For M == 1, it is pretty clear that a selection sort couldn't be
outperformed.

I'm not sure how big M has to get, before M passes of bubble sort
outperform selection sort.

And I have no clue how big M has to get before M passes of bubble sort
are less efficient than either heapsort or mergesort, or which would be
the next contender.

And I also have no clue how big M has to get before sorting the whole
array is more efficient than some number of passes heapsort or mergesort
(due to extra work to determine early stopping points).

Indeed not. Slowing down the general case to benefit a special case isn't
going to get in. And I've see no evidence to counter my intuition that this
case of top M is anything but rare.

Does the peephole optimiser currently have any way to optimise

@a = reverse sort @b

into

@a = sort {$b cmp $a} $b;

but without the explicit sort comparison?

Nicholas Clark

Shouldn't be too difficult.

There's some reverse-handling code in pp_sort which I took
to be responding to a hint that

reverse sort ...

has been encountered:


if (PL_op->op_private & OPpSORT_REVERSE) {
SV **p = sorting_av ? AvARRAY(av) : ORIGMARK+1;
SV **q = p+max-1;
while (p < q) {
SV *tmp = *p;
*p++ = *q;
*q-- = tmp;
}
}

No, that's for optimising away the sort block in

@x = sort {$b cmp $a } @y;

On approximately 6/30/2004 11:58 AM, came the following characters from
the keyboard of Nicholas Clark:
I've certainly written plenty of "selection" loops to determine the
smallest or largest item in a group. That's "top 1".

Having it in C code instead of perl code would certainly be faster.
"Top M", if done correctly, could produce "top 1" in an efficient manner.

There are certainly lots of "Top 10" lists that float around the
internet, but I don't think they are done by sorting LOL But programs
like "top", and a variety of statistical analyses will report the "top
M" regions by sales, the "top M" salesmen, etc. Perhaps the full
ranking is desired, but often not.

So if I can think of a couple uses off the top of my head, it could be
that it is not as rare as you think. Or maybe it is.
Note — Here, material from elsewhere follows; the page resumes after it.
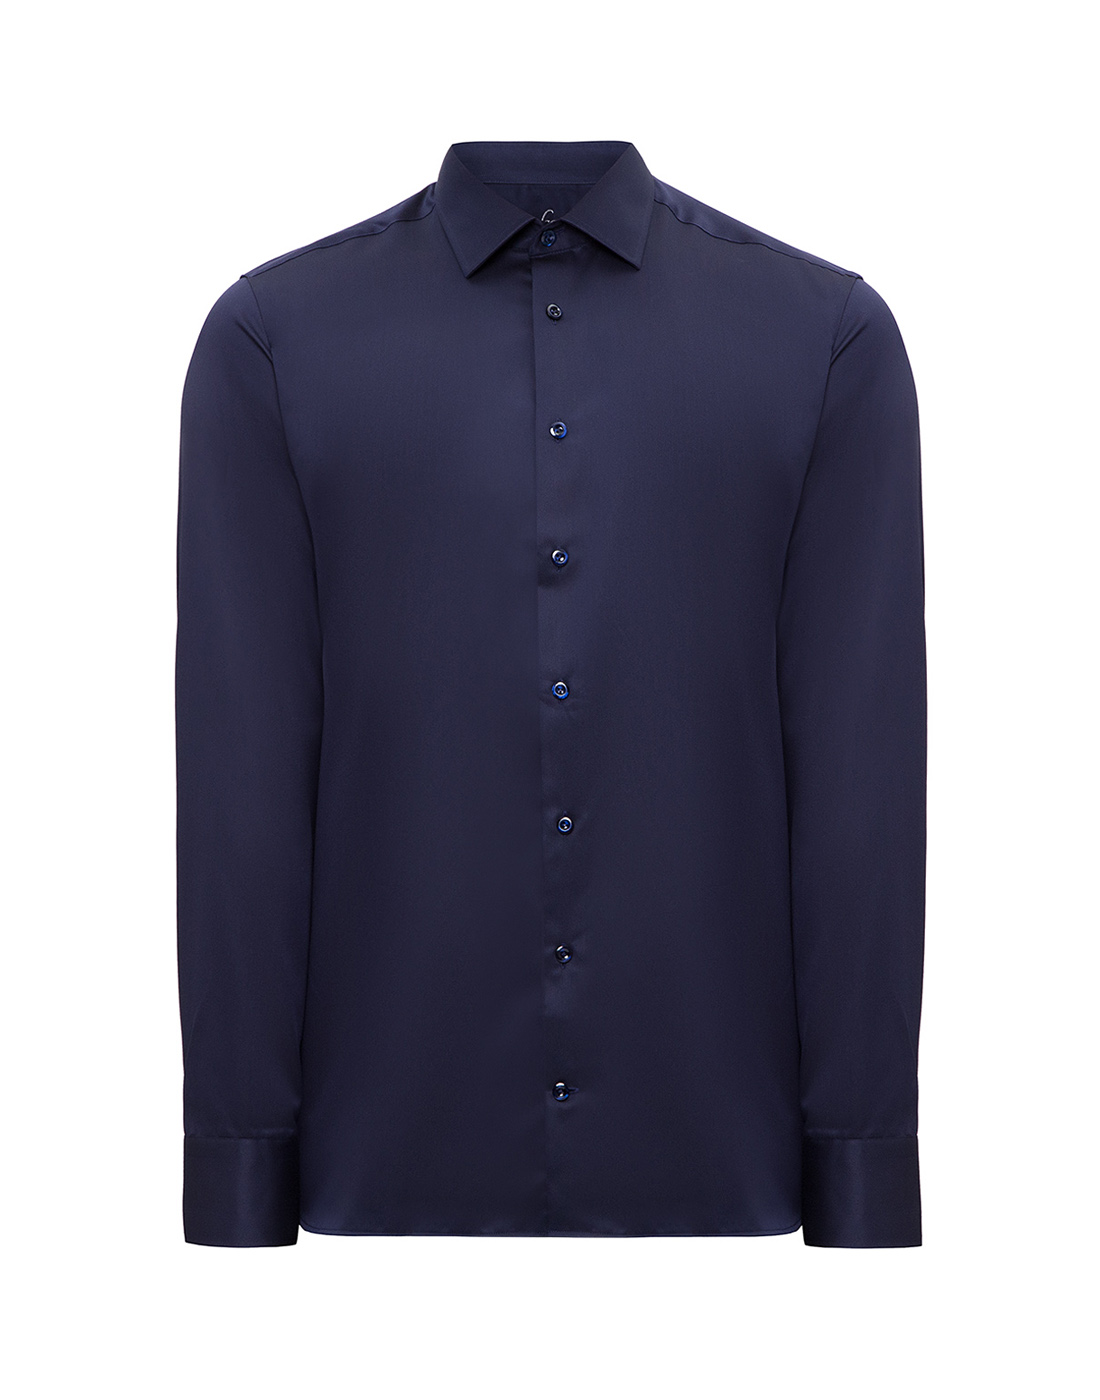 Мужская темно-синяя рубашка Van Laack S132241/790-1

I can also imagine code like

while ( sort @array )
{
...
last if ... ;
...
}

for large @array, I speculate that it might often be more efficient to
use an incremental sort than to do a full sort, and only use a fraction
of the results. Of course, it depends on the likelihood of using a
small fraction, so probably in cases like this a user hint should
determine whether to use a full sort, or an incremental sort.

And perhaps "incrementalsort" would be a good explicit name to give to
it... it would be the explicit user hint to use bubble or heapsort or
whatever might be best (based on the size of the array).

And how does this fit into the "top M" discussion? Well, if
incrementalsort were available, the user could explicitly select it when
want desiring 1 or M elements from an array, and code something like:

$smallest = incrementalsort @array;
$largest = reverse incrementalsort @array;
( $smallest, $nextsmallest ) = incrementalsort @array;
@smallest_seven[ 0 .. 6 ] = incrementalsort @array;
@top_ton[ 0 .. 9 ] = reverse incrementalsort @array;

Dave says it shouldn't be too difficult, and it sounds useful. Similar
optimizations should be done for "reverse incrementalsort" also :) (per
the above examples)

Here's a question for you: does perl's optimizer use bubble sort (or a
variant) for sorting arrays of sufficiently small size, or does it use
mergesort for everything? For small N, bubble sort is faster than
mergesort... A related question is, what is the underlying sort
technique used by perl's mergesort for sorting a single run?

use Lazy::Sort;
{
tie my @Lazy => Lazy::Sort => sub($$){$_[0] cmp $_[1]} => @Array;
local *_;
while(defined ($_ = shift @Lazy)){
...
last if ...
}
...
}

I'm about to post Lazy::Sort to p5p, enough of it to do that at least,
encourage me to CPANify it and I expect I will. A better interface
would be good though.

Does not the combining involve more comparisons?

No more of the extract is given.